Academic journal article Child Study Journal

The Effects of Playing Educational Video Games on Kindergarten Achievement

Academic journal article Child Study Journal

The Effects of Playing Educational Video Games on Kindergarten Achievement

Article excerpt

This study investigated whether kindergarten students who played Sony PlayStation (Lightspan) educational video games learned better than peers who did not play such games. Participants were 47 preschool age children from two classes of an urban school in the northeastern region. A pretest and posttest with control group design was utilized in the study. The experimental group played the games for 40 minutes per day in school for 11 weeks. The Wide Range Achievement Test-R3 was used for measurement. Results from data analyses via ANCOVA indicated that the experimental group gained significantly more than the control group in spelling and decoding areas. No difference was found in the math area.

In recent years, computers have become an increasingly popular learning and playing tool, especially with young children. Some educators believe that enhancing the capability of young children through computer applications can provide a basis for more effective and efficient learning in the formal school setting (Fitch & Sims, 1992). To understand whether and in what aspects the use of computer-related technology benefits young children researchers have been conducting investigations.

The research literature provides some knowledge on the impact of use of computer-related technology on young children's social, psychological, cognitive development, and academic learning. With respect to how young children with/without computer experience view computers, Fitch and Sims (1992) found that those who worked on computers understood it better, viewed it more positively, and related computers to learning more strongly than the group without computer experience did. With a different focus, Williams and Ogletree (1992) studied the gender differences in computer interest and competence in preschool children, and the relationship of these variables to gender role concepts. They found little evidence for the masculine stereotyping of the computer, or for greater male competence or interest.

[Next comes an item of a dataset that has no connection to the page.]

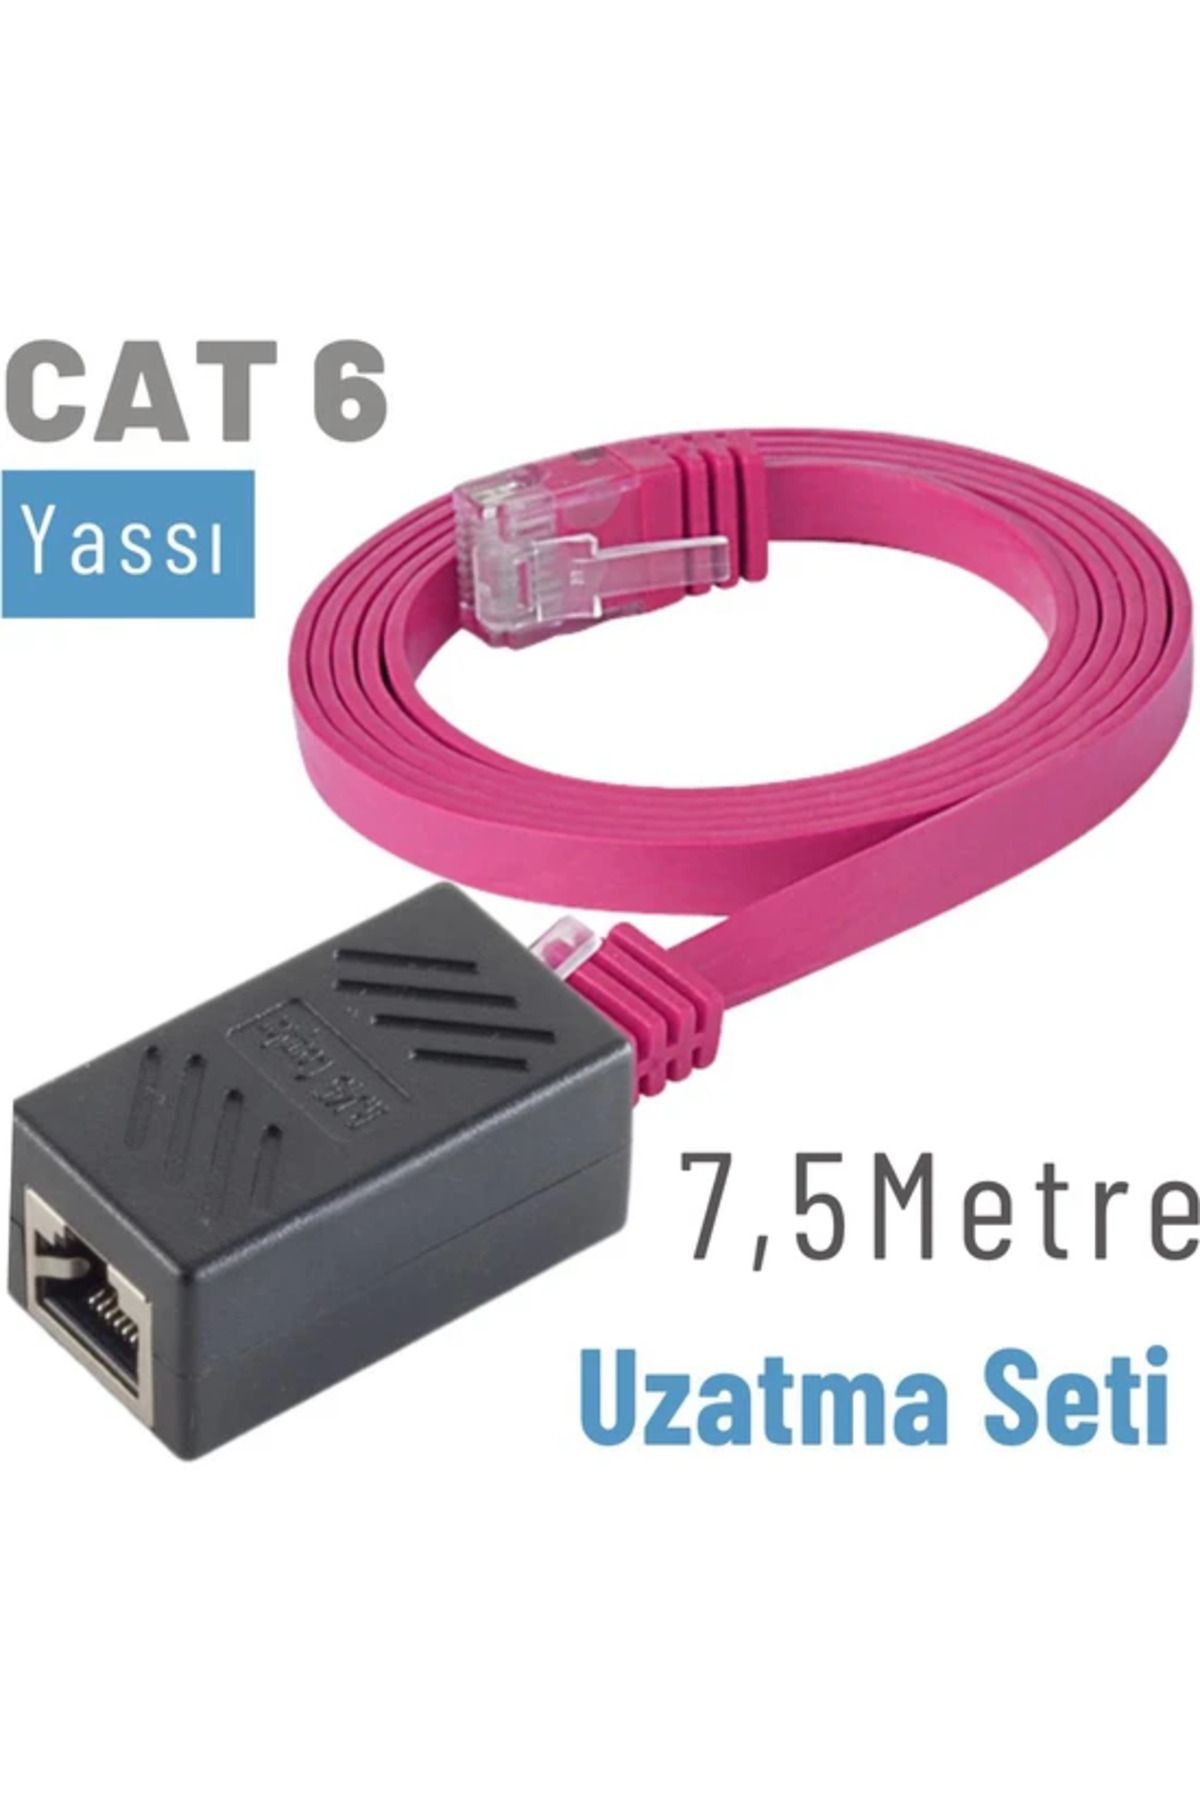 IRENIS Cat6 Kablo 7,5 Metre Uzatma Seti, Yassı Ethernet Kablo Ve Ekleyici,

Some researchers have investigated if minority students can benefit from using computers. Whether at risk minority students can learn to use basic Logo commands was studied by Allen, Watson and Howard (1993). It was found that young minority students from economically deprived background could learn to successfully program Logo when the concepts and command procedures were presented at developmentally appropriate levels. In another study, Emihovich and Miller (1988) examined how minority students' learning styles could be matched with computer instruction, and its effects on their achievement, reflectivity, and self-esteem. The results showed that the Logo minority students outscored the Logo majority students in math achievement.

How well young children handle various computer devices constitutes an important issue to educators, such as: the use of a mouse to control a graphical interface. Crook (1992) studied the tasks that embody the basic skills underlying mouse-based control of a computer interface. The younger children in the study were found to be disadvantaged by having difficulties in repositioning the mouse on the working surface while keeping the screen pointer fixed. No gender related differences were found at any age. In a similar study, King and Alloway (1992) measured the efficiency of young children's use of common input devices and the preferred input device. The mouse was found to be more efficiently used than the joystick was, which in turn was more efficiently used than the keyboard was. There was no significant difference between gender group's interactions with input devices. The findings also indicated that boys selected the computer activity more often than the girls did.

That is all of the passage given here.